Великий писатель, Монтень, подобно Сен-Симону[13] или Рецу, смотрит на вещи прямо и, используя слова обиходные, тщательно отбирает те из них, которые точно передают его мысль. «Основа большинства смут в мире — грамматическая», — говорит он. Отец, лучший в мире из отцов, обучил его латыни еще в раннем детстве. И на протяжении всей своей жизни он не переставал читать древних авторов — историков, моралистов или поэтов. От них перенял он «полновесный и сочный язык, сильный своей естественностью… Когда я вижу, как выразительны эти славные формы, такие живые, такие глубокие, я не говорю — вот меткое слово, я говорю — вот меткая мысль».
Ибо только смысл освещает и производит слова. И тогда они не «ветер», но «плоть и кость». Подобно Горацию, которым он восхищается, Монтень не удовлетворяется первым словом, лежащим на поверхности, оно предало бы его. Он глядит глубже и проницательнее; ум его цепляет и рыщет в запасе слов и фигур, чтобы выразить себя. Монтень не располагает ресурсами латыни. Однако он находит достаточно выразительным и французский язык, ибо «нет ничего, о чем не скажешь на нашем охотничьем или военном жаргоне, это благодатная почва для заимствований».
Он знает, что живет в «диком крае», где нечасто встретишь человека, понимающего по-французски, но, когда он говорит себе: «Это слово здешнее, гасконское», — это его ничуть не смущает, даже напротив, ибо совершенство, к которому он стремится, — писать именно своим языком. Язык повседневный, обиходный — вот его орудие; пусть в нем попадаются фразы, краски которых потускнели от чересчур обыденного употребления; «это, — говорит Монтень, — ничуть не притупляет их вкуса для человека с острым нюхом», а у него нюх острый, поскольку он поэт в той же мере, что и философ.
Конкретное и выразительное народное слово ему всегда больше по вкусу, чем слово ученое, и лучше всего он выражает свою мысль образами.

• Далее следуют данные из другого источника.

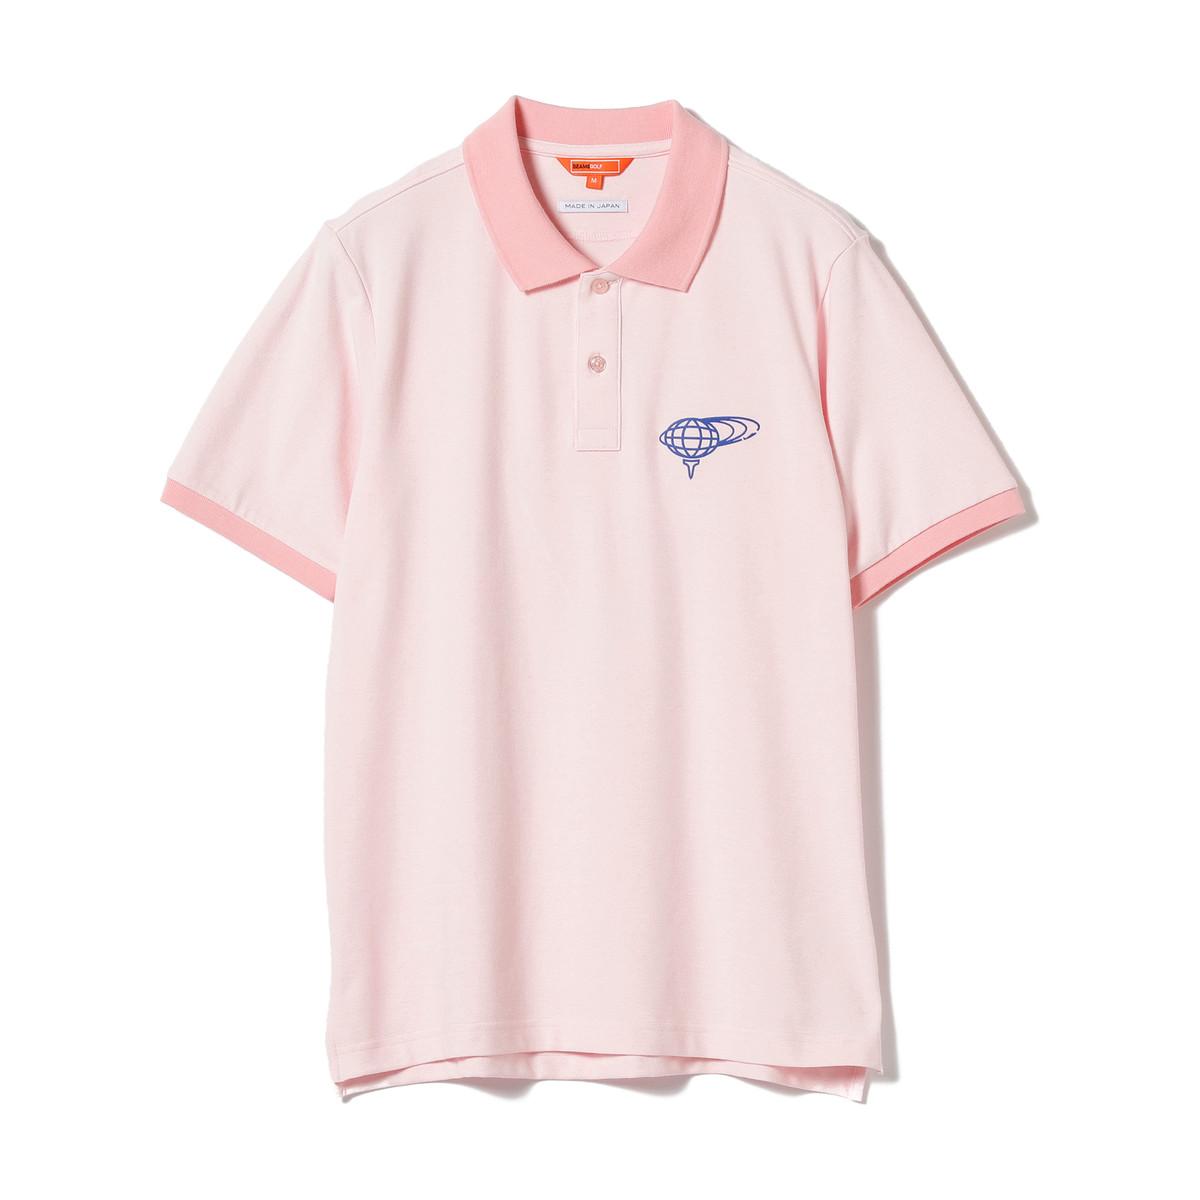 BEAMS GOLF ORANGE LABEL カラー 半袖ポロシャツ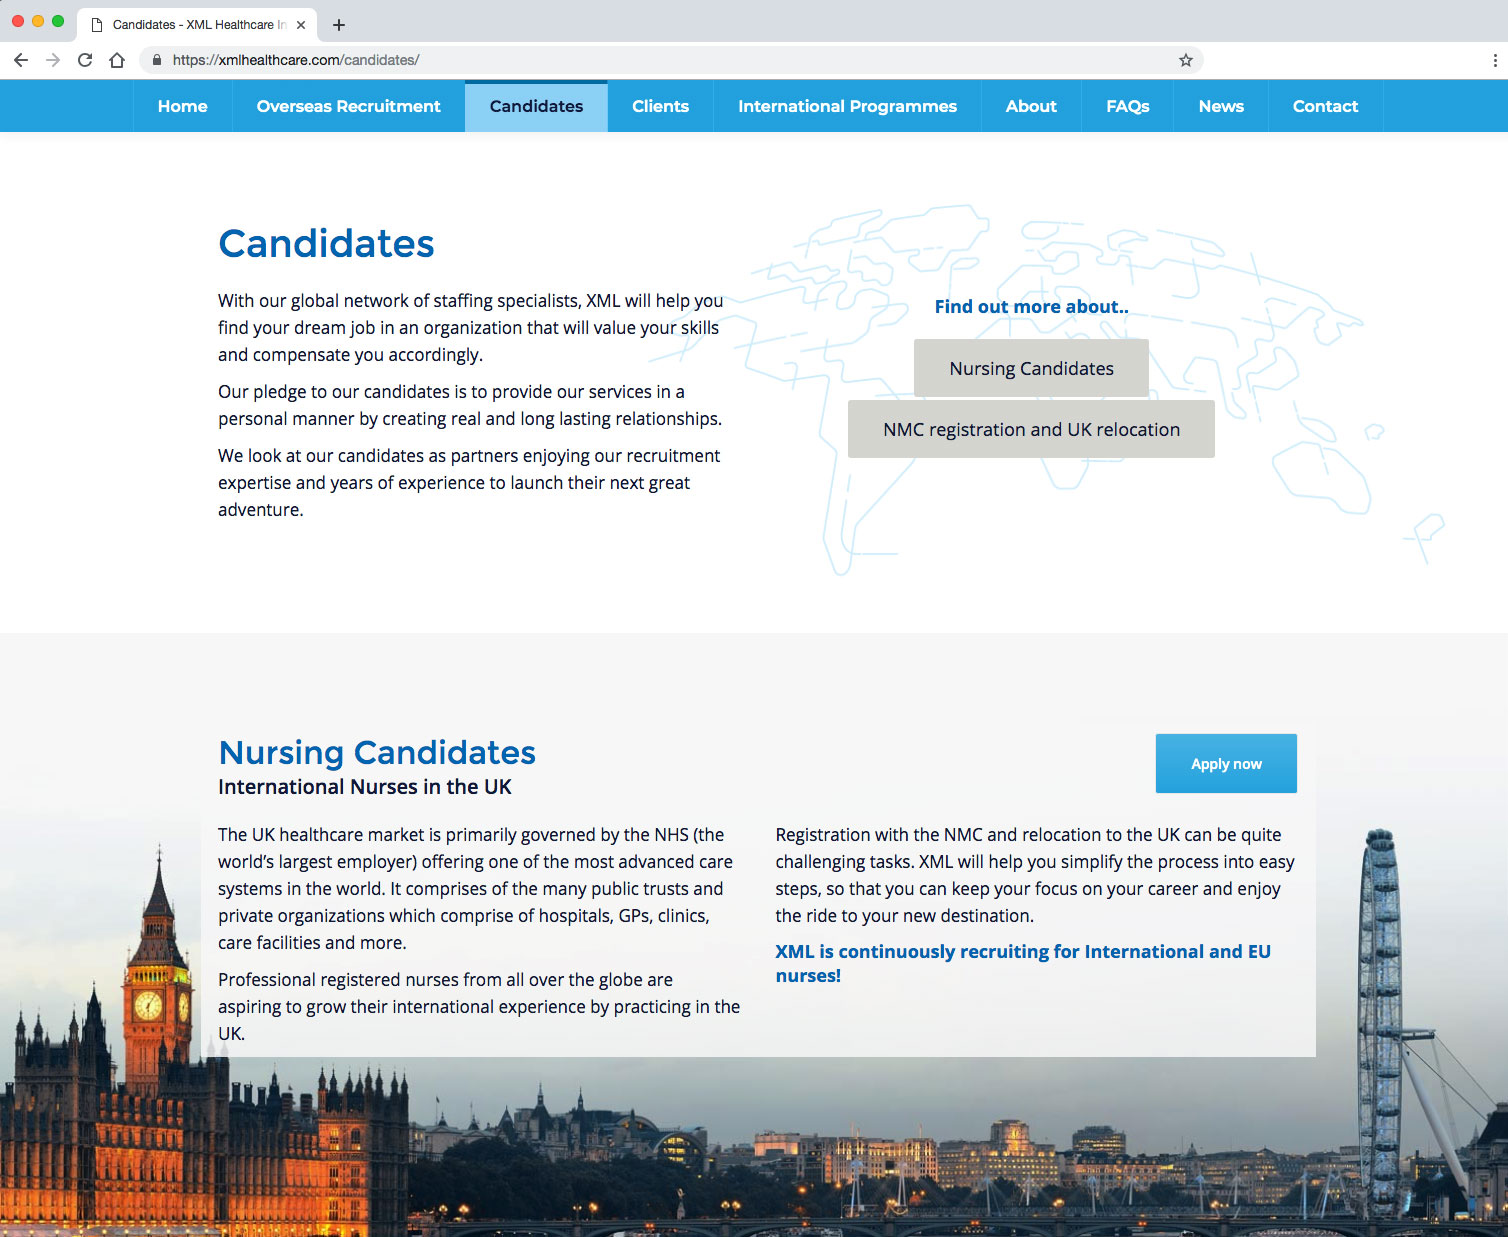 XML Healthcare Candidates

К примеру, когда он хочет сказать, что настоящий врач должен был бы сам переболеть всеми болезнями, чтобы правильно судить о них: «Такому врачу я бы доверился, ибо все прочие, руководя нами, уподобляются тому человеку, который рисует моря, корабли, гавани, сидя за своим столом и в полной безопасности водя перед собой взад и вперед игрушечный кораблик… Они описывают наши болезни, как городской глашатай, выкрикивающий приметы сбежавшей лошади или собаки: такой-то масти шерсть, такой-то рост, такие-то уши, — покажите им настоящего больного, и они не распознают болезни…» Сам он говорит только о том, что видел или прочел.
Монтень несколько кокетничает, отказываясь быть моралистом, который пишет ученые труды. Он тешится длиннотами, отклонениями, «прыжками и всякого рода курбетами», анекдотами, нередко весьма далекими от сюжета, как, например, в главе «О хромых», где хромцы и хромоножки появляются лишь в самом конце, да и то только в связи с их особым пылом в любовных утехах. Поначалу его книга была книгой неутомимого читателя греческих и латинских авторов, извлечения из которых он классифицировал по их сюжетам. Словом, это была огромная картотека, снабженная комментарием. Но чем дальше, тем явственнее он обнаруживал, что самое живое удовольствие он получает от писания, когда извлекает наблюдения из глубин своего «я». Первая книга «Опытов» многим обязана Плутарху, Сенеке и другим прославленным мыслителям: вторая и третья, хотя они и нашпигованы цитатами, обязаны лучшими страницами только самому Монтеню.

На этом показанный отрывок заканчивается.